When it comes to managing weight, challenges faced by adolescents with Type 1 diabetes (T1D) are compounded in young adulthood and influence the habits they form as they get older. This is according to new findings from a research team lead by Elizabeth Mayer-Davis, PhD, Cary C. Boshamer Distinguished Professor of nutrition and medicine at the UNC Gillings School of Global Public Health.
The study, “The interplay of type 1 diabetes and weight management: A qualitative study exploring thematic progression from adolescence to young adulthood,” was published in the November issue of Pediatric Diabetes.
Diabetes puts adolescents at risk of cardiovascular disease, among other complications.
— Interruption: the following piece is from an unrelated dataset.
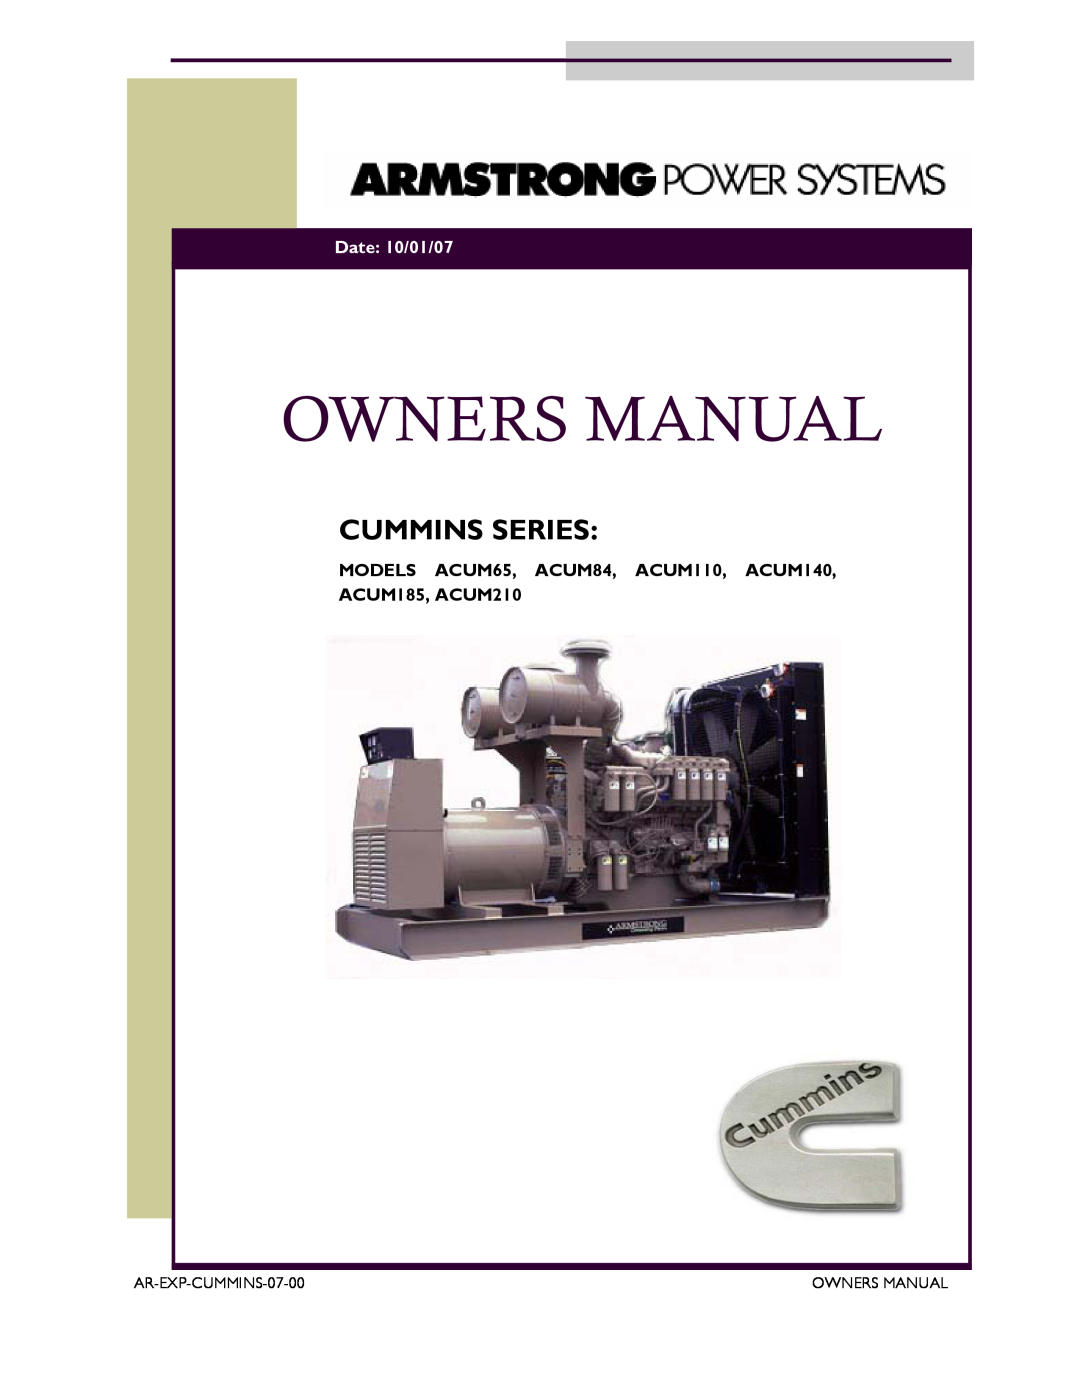 Armstrong World Industries ACUM140, ACUM84, ACUM185, ACUM65 owner manual Cummins Series, Owners Manual, Date 10/01/07

Being overweight or obese carries a similar risk of cardiovascular disease. This emerging problem was the inspiration for examining potential interventions around treatments for weight and diet.
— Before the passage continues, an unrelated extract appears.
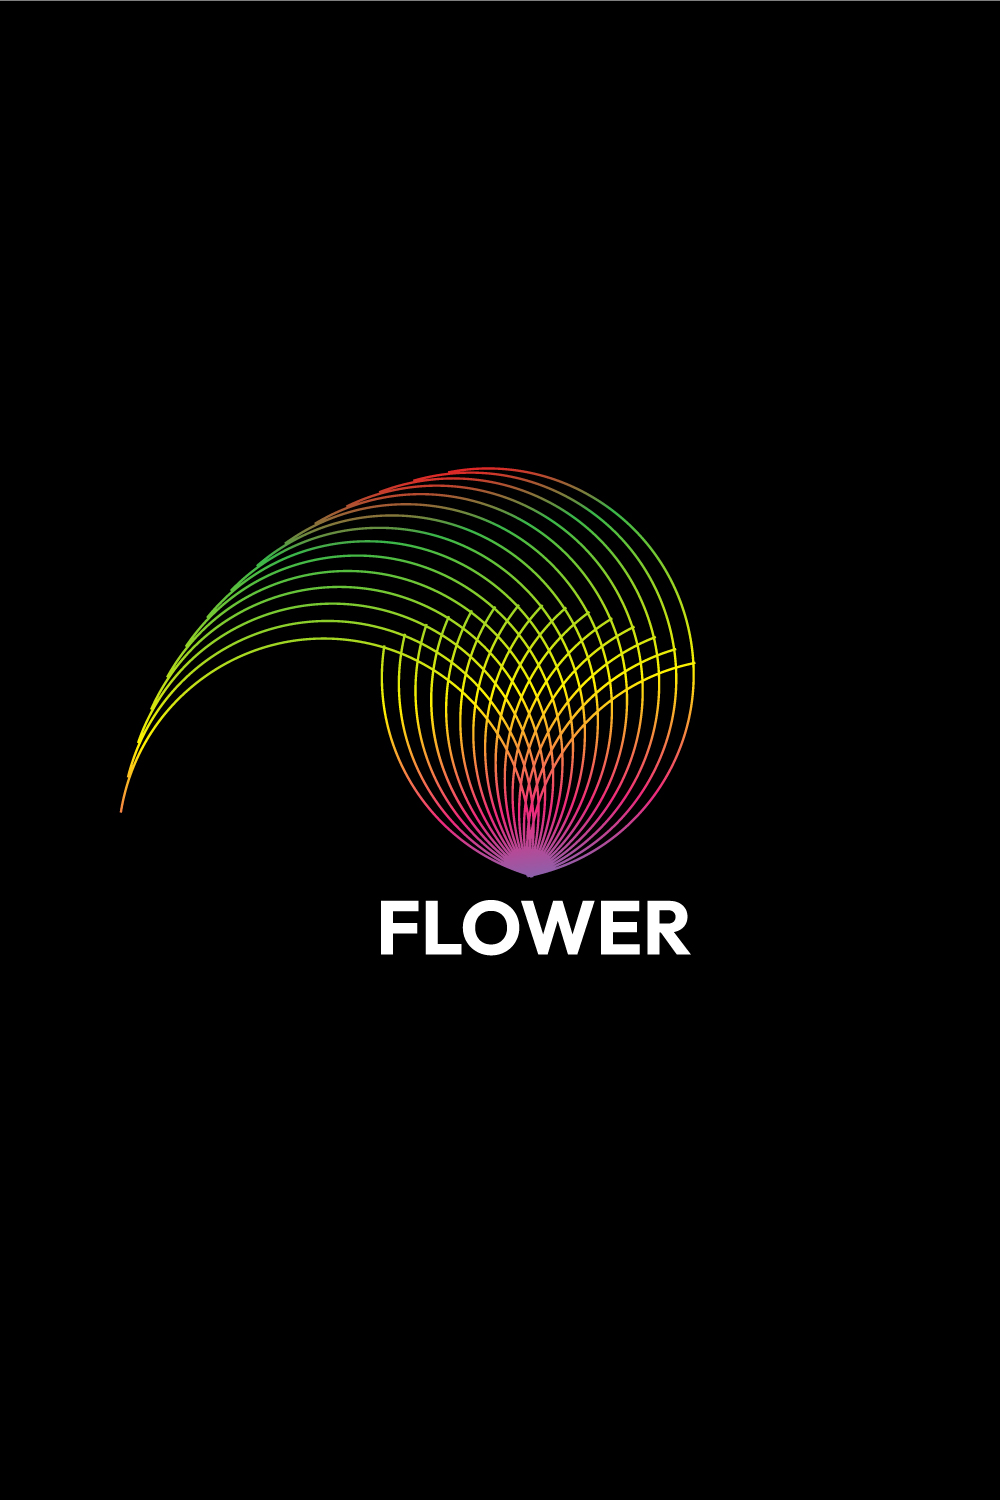 Elegant Line Art Flower Logo: Beauty & Fashion Design pinterest preview image.

Mayer-Davis and her team – which included doctoral scholars Daria Igudesman, Anna Kahkoska, Franklin Muntis and clinical research assistant Katherine Souris from the Gillings School – recognized that the dual burden of managing weight and blood sugar made it difficult for adolescents to adopt best practices for co-managing the two. Building off a prior study on weight and blood sugar co-management in children with T1D aged 12-17, Mayer-Davis and co-authors analyzed experiences of young adults with T1D aged 18-25 to identify themes that evolved between the two demographics.
Controlling blood sugar and weight can be an arduous task for adolescents with T1D. The level of sugar bound to hemoglobin in the blood (hemoglobin A1c) increases during this age range and remains elevated until around age 30. Adolescence is also the time when children establish habits for self-care and weight management that persist into adulthood.